Liquid Entrainment in Annular Gas/Liquid Flow in Inclined Pipes

Abstract

Summary Entrainment fraction is one of the key parameters in many applications, including wellbore and flowline design, separator design, wellbore loading, and corrosion inhibition. This study provides the first comprehensive entrainment data and their critical analysis for a full range of inclination angles ranging from horizontal to vertical in 76.2-mm-internal-diameter (ID) pipes. Experiments were conducted to investigate the effect of pipe inclination on entrainment fraction in air/water annular flow with inclination angles of 0, 10, 20, 45, 60, 75, and 90° from horizontal. Two techniques were used to measure the entrainment fraction: film removal and isokinetic sampling. The experimental results were compared with existing models and correlations, and the best predicting methods were determined for all flow orientations. An inclination effect on entrainment fraction was observed.
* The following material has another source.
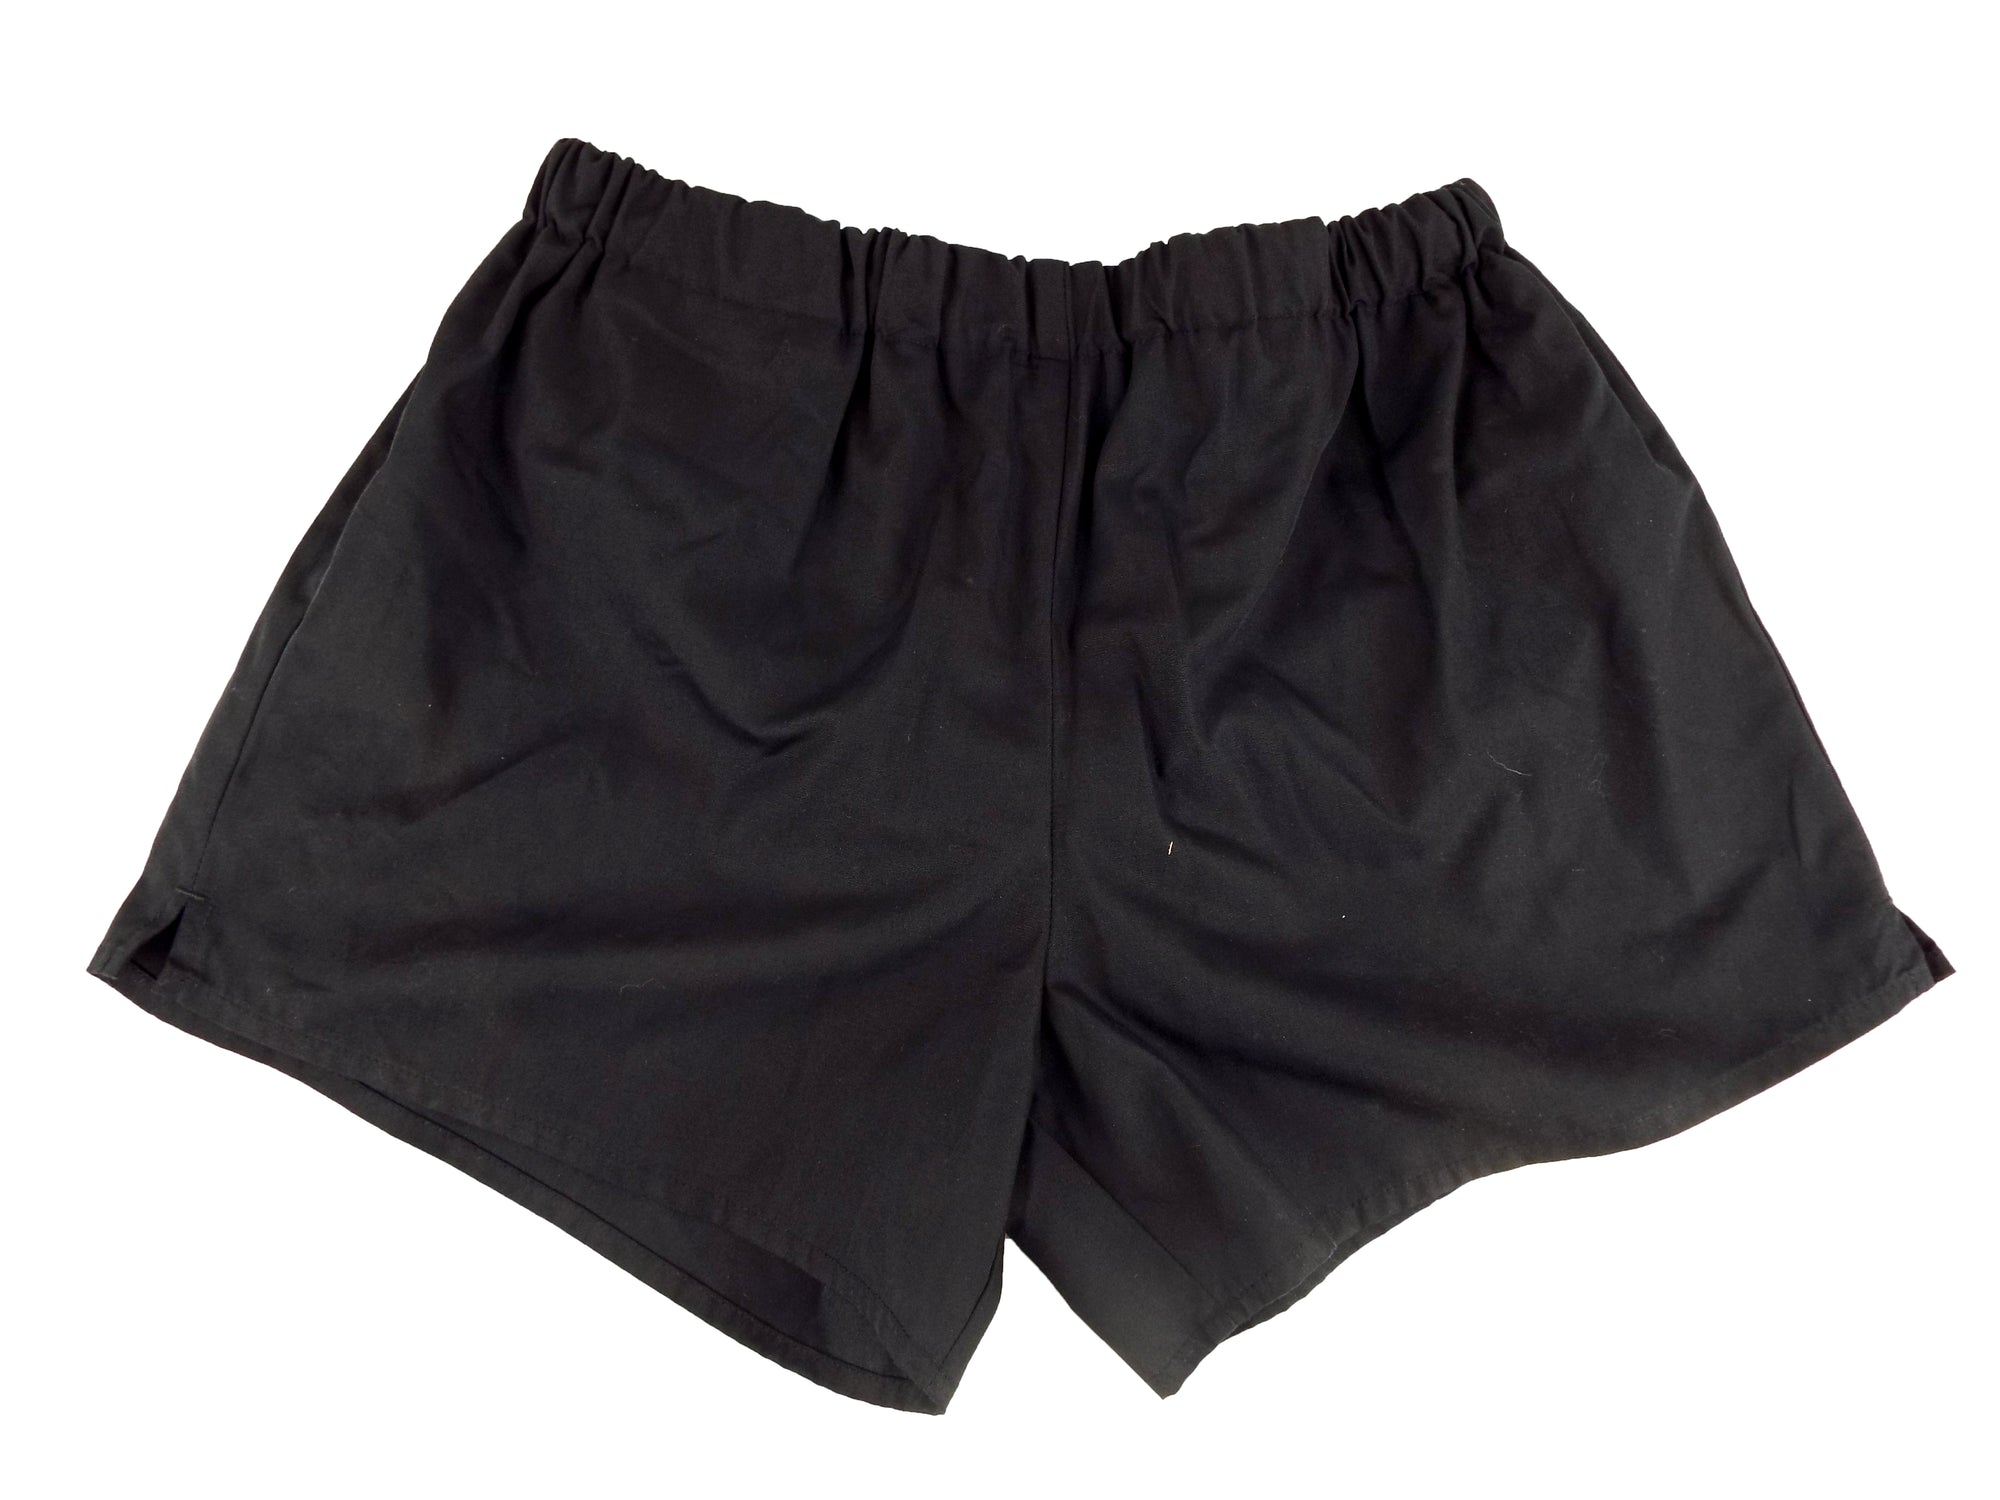 British Army - PTI - Black Sports Shorts - Men's - Grade 1

This effect occurred at low superficial gas velocities and was more prominent for higher superficial liquid velocities. Using the present study data, the Paleev and Filipovich (1966) correlation was found to be the most accurate in predicting entrainment fraction. On the basis of all available data, the Pan and Hanratty (2002b) correlation performed the best in predicting entrainment fraction in all pipe orientations. For vertical annular flow, the Oliemans et al. (1986) correlation predicted entrainment fraction more accurately. The Pan and Hanratty (2002b) correlation was the most accurate in predicting entrainment fraction for horizontal annular flow. The Wallis (1969) correlation and the mechanistic model developed by Mantilla (2008) most accurately predicted the entrainment fraction for inclined annular flow.